The bending of a new fore upper topsail and straightening out the tangle of running gear about decks occupied most of the forenoon. It was not until after luncheon that the Daphne, with Emily at the wheel, lifted away to the eastward before a fresh northwesterly breeze.
Paul ran aft as the bark entered upon her task and stood for a moment beside Emily. The intoxication which she had first experienced alone at the wheel was again upon her. The breeze was dusting loose wisps of her hair into a halo which the sun burnished with fire. Bosom heaving, eyes alight, her whole virgin being alive, a-thrill with love and the sensation of the Daphne's motion, she presented a figure which would have given fame to any brush that could have limned it. She might have been Daphne herself, not fleeing from, but hastening with her fresh treasures to meet Apollo.
Paul felt that he dare not speak. He put his hand on the wheel to haul the bark half a point closer to the wind.
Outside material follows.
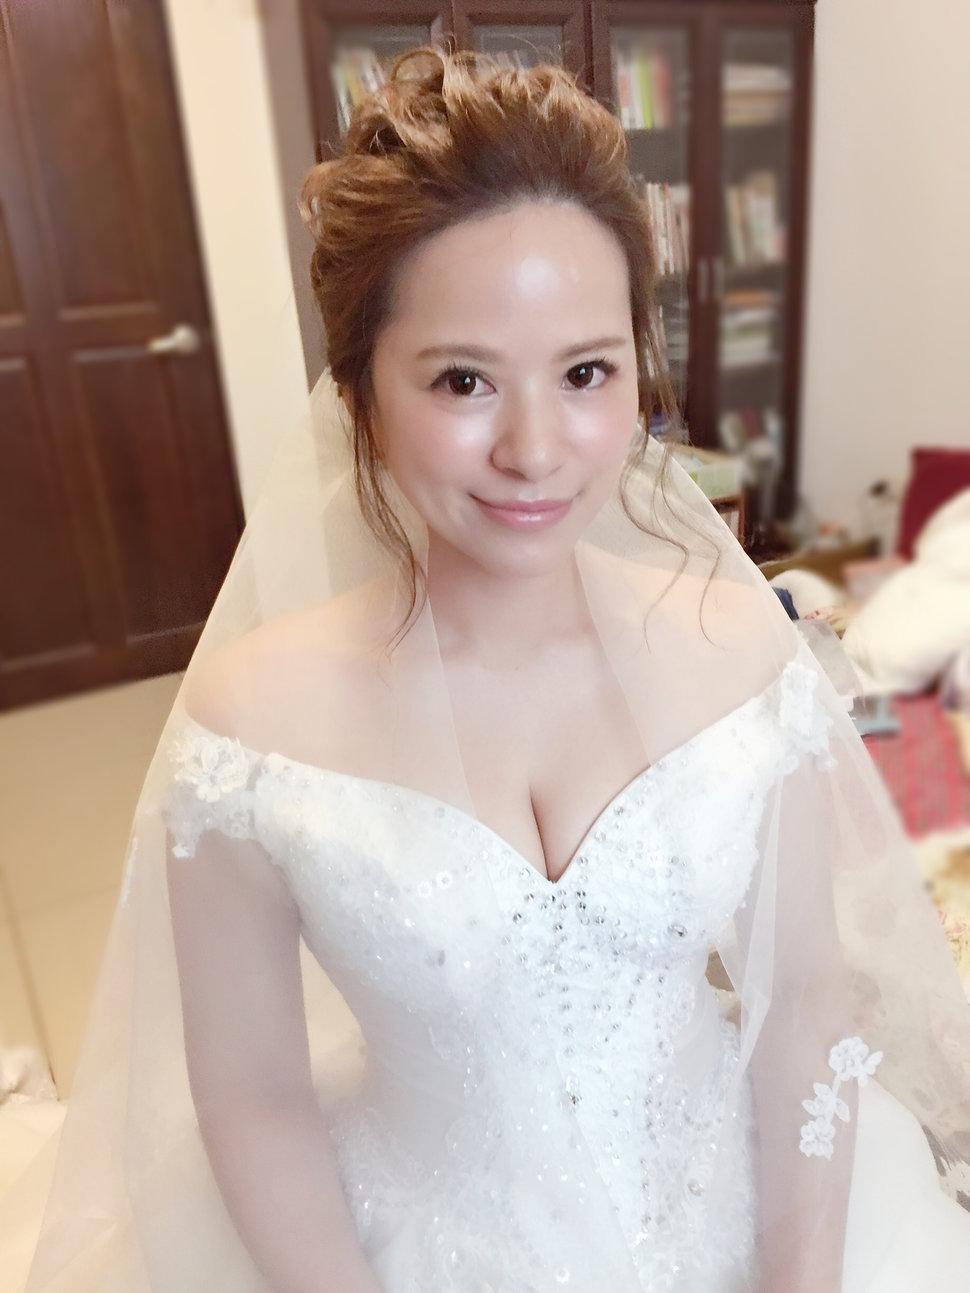 IMG_8583 - 幫您bonnie make up《結婚吧》

As he drew it away Emily touched it impulsively.
"Good strong, honest man's hand," she murmured.
Their eyes met in a flash in which her soul called to his and trembled when echo only seemed to answer it.
Paul turned abruptly away to stray the patent log over the taffrail. Then he went forward in silence. When he found himself a few minutes later staring out over the weather bow he wondered how he had gotten there. And the gold woman, watching him until he disappeared, kissed the wheel spoke his hand had touched and even again in the sweet agony of her love when she saw that it was flecked with the blood of his storm travail.